Jury clears Little Rock man accused in 2016 rape

A Pulaski County jury took 30 minutes Friday to clear James Lee Foley of rape.

Foley, 55, testified that the rape charge was an attempt to frame him to cover up how he had been robbed and attacked by a machete-wielding man at a Thayer Street home in October 2016.

Arrested naked at the scene, Foley was accused of attacking a 69-year-old Russellville woman who was also staying at the residence, the home of a friend, while recuperating from surgery.

A guilty verdict from the six men and six women would have meant an automatic life sentence for the 18-time felon. He told jurors he'd never seen the woman up close before, saying she was too old and unattractive to interest him.

In closing arguments before Circuit Judge Barry Sims, defense attorneys Colleen Kordsmeyer and Joe Tobler derided the police investigation as shabby and rushed.

They said investigators overlooked some evidence, like phone records and potential DNA, while discarding other items, including the woman's nightgown, which was not collected. He asked jurors to weigh whether detectives really cared about the investigation or gave it the value they really thought it deserved.

Foley's story was the only credible account of what had happened, Tobler said.

The accuser and her friend -- Larry Dean Farlow, 48 -- were lying to cover up how Farlow had attacked Foley with a machete, he said.

"They're lying about pretty much everything that happened. What Foley told you made sense," the attorney said.

Foley said he'd been lured to the Capital View neighborhood residence by another tenant -- the woman he loved, Janet "Rose" Glover, 59 -- with the promise of a kinky sex party with a second woman as long as he provided the drugs.

Foley, who had been paroled only a few days earlier, said he was flush with cash because he'd received upon release a $63,000 settlement related to the death of his father. He told jurors he'd spent close to $5,000 on cocaine and marijuana, intending on a weeklong party with Glover and the other woman, whom he knew only as Donna.
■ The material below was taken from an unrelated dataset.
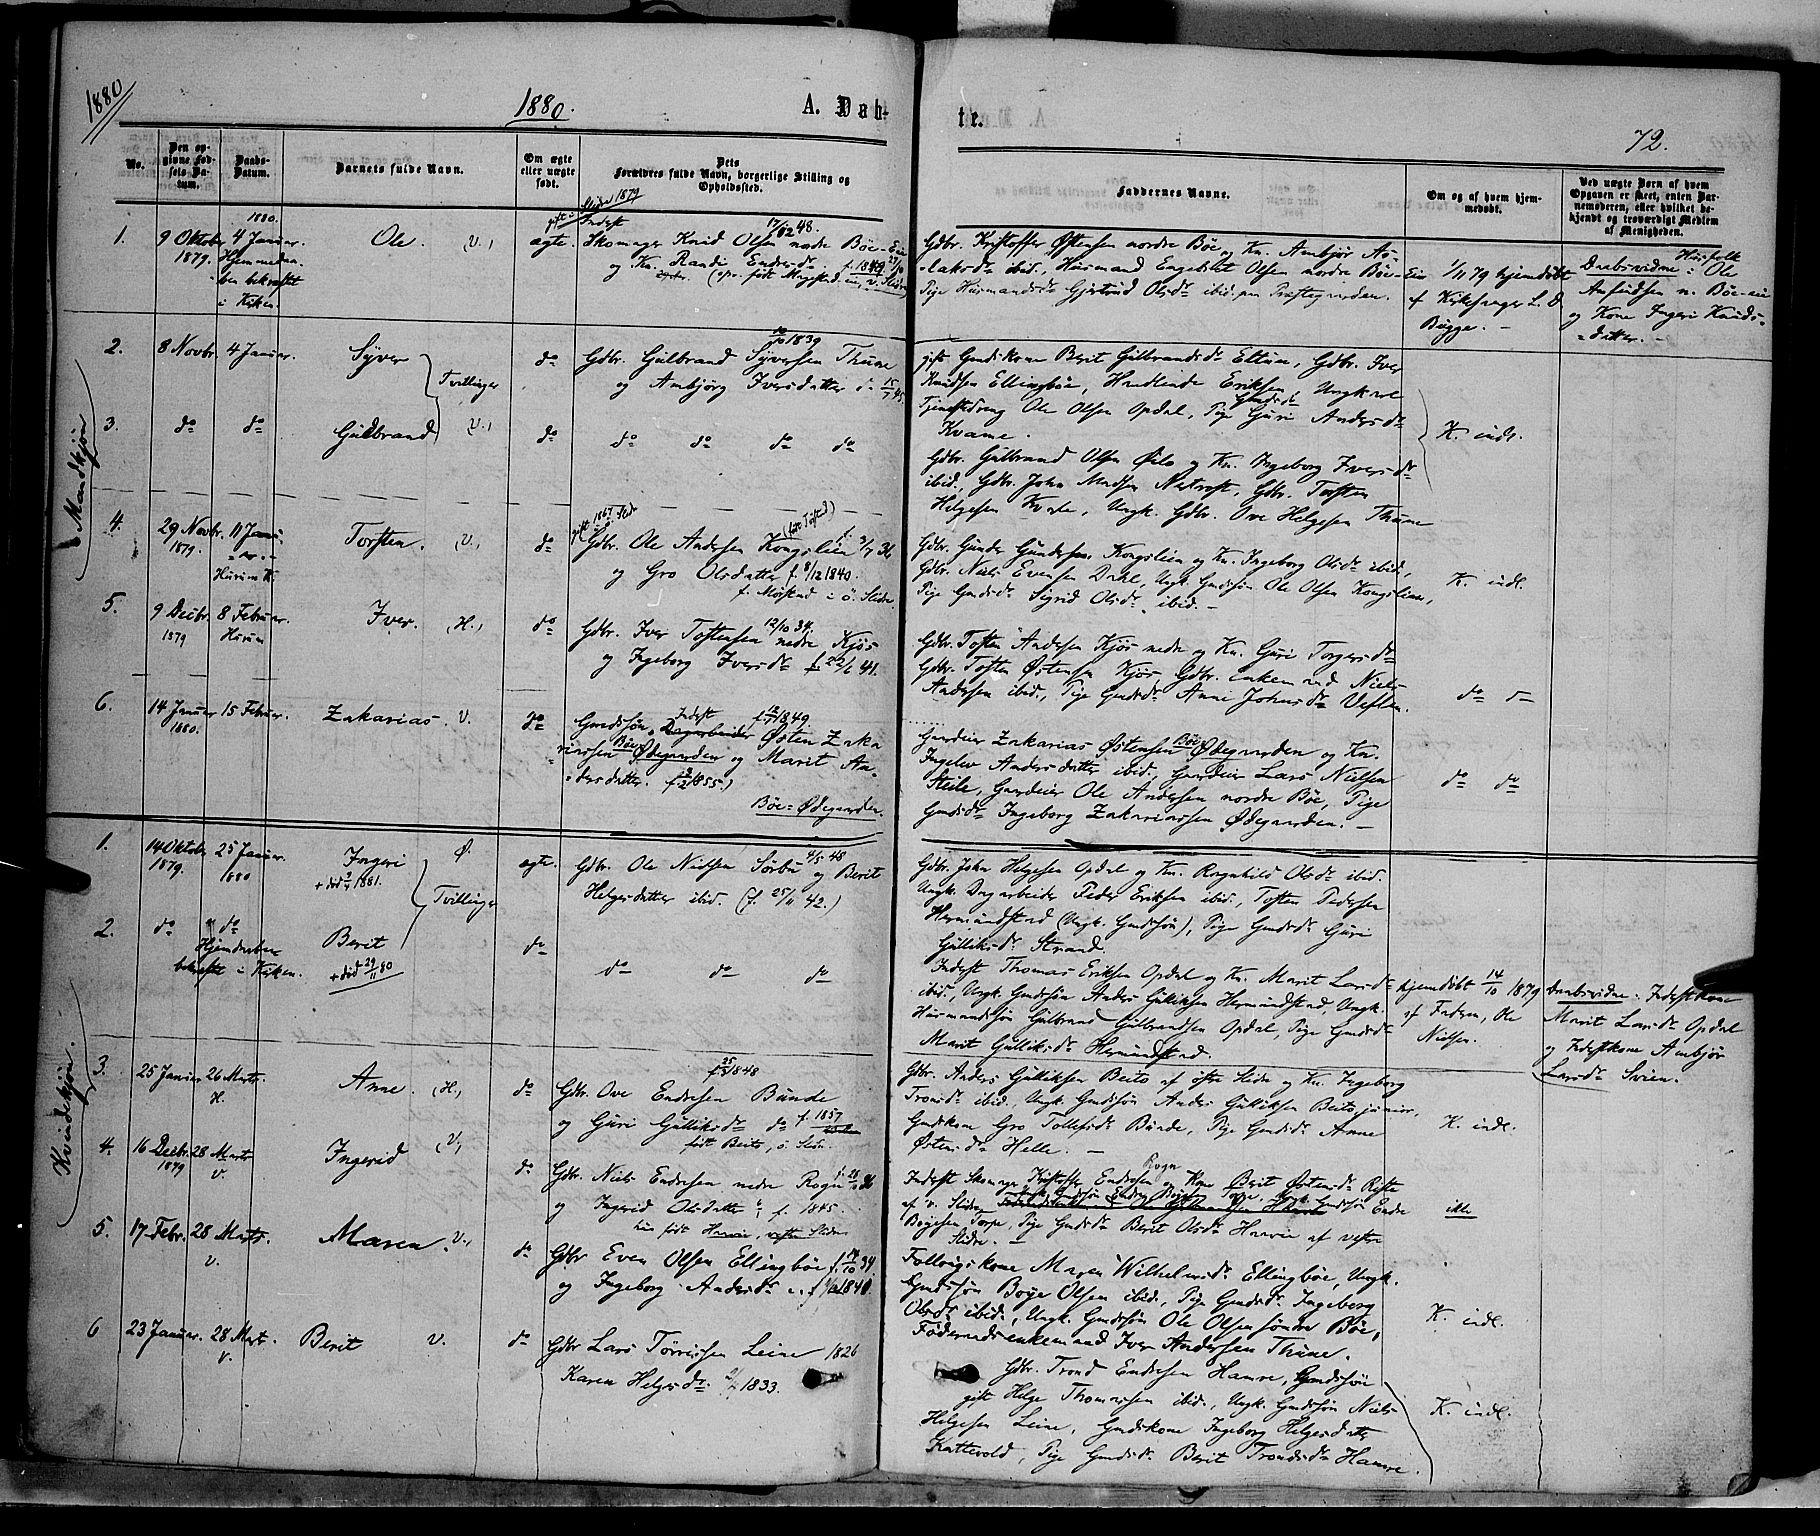 SAH, Vang prestekontor, Valdres, Ministerialbok nr. 7, 1865-1881, s. 72

Prosecutors Jayme Butts-Hall and Melissa Brown reminded jurors that Foley was the only one in the home that night who didn't live there. They said that Foley had overstayed his welcome with Glover and that when he refused to leave, Glover called on Farlow to get him out of the house. Foley's refusal to go provoked a brawl between the men, which included Farlow hitting Foley with the machete.

The defense's emphasis on the fight was "misdirection" to distract jurors from thinking about how Foley had roughly pinned the woman down and violated her with his fingers after he managed to lock Farlow out of the house, the prosecutors said. Foley kept telling the screaming woman that she liked what he was doing to her, and Farlow was the one who came to the rescue, they said.

"It [the fight] has absolutely nothing to do with the rape," Brown told jurors. "No one wanted him in that house that night. All he had to do was leave, leave the house where he wasn't wanted."

Brown said Foley lied on the stand, focusing on his claim that the woman wasn't even at the home before police arrived. Police found her at the house wearing only her nightgown, the prosecutor noted.

Glover, who was not called as a witness, initially told police that Foley had raped her as well. She told police that she didn't know him well and that he had come to the house to talk about doing some lawn work. She later disclosed that they had had a lengthy intimate relationship.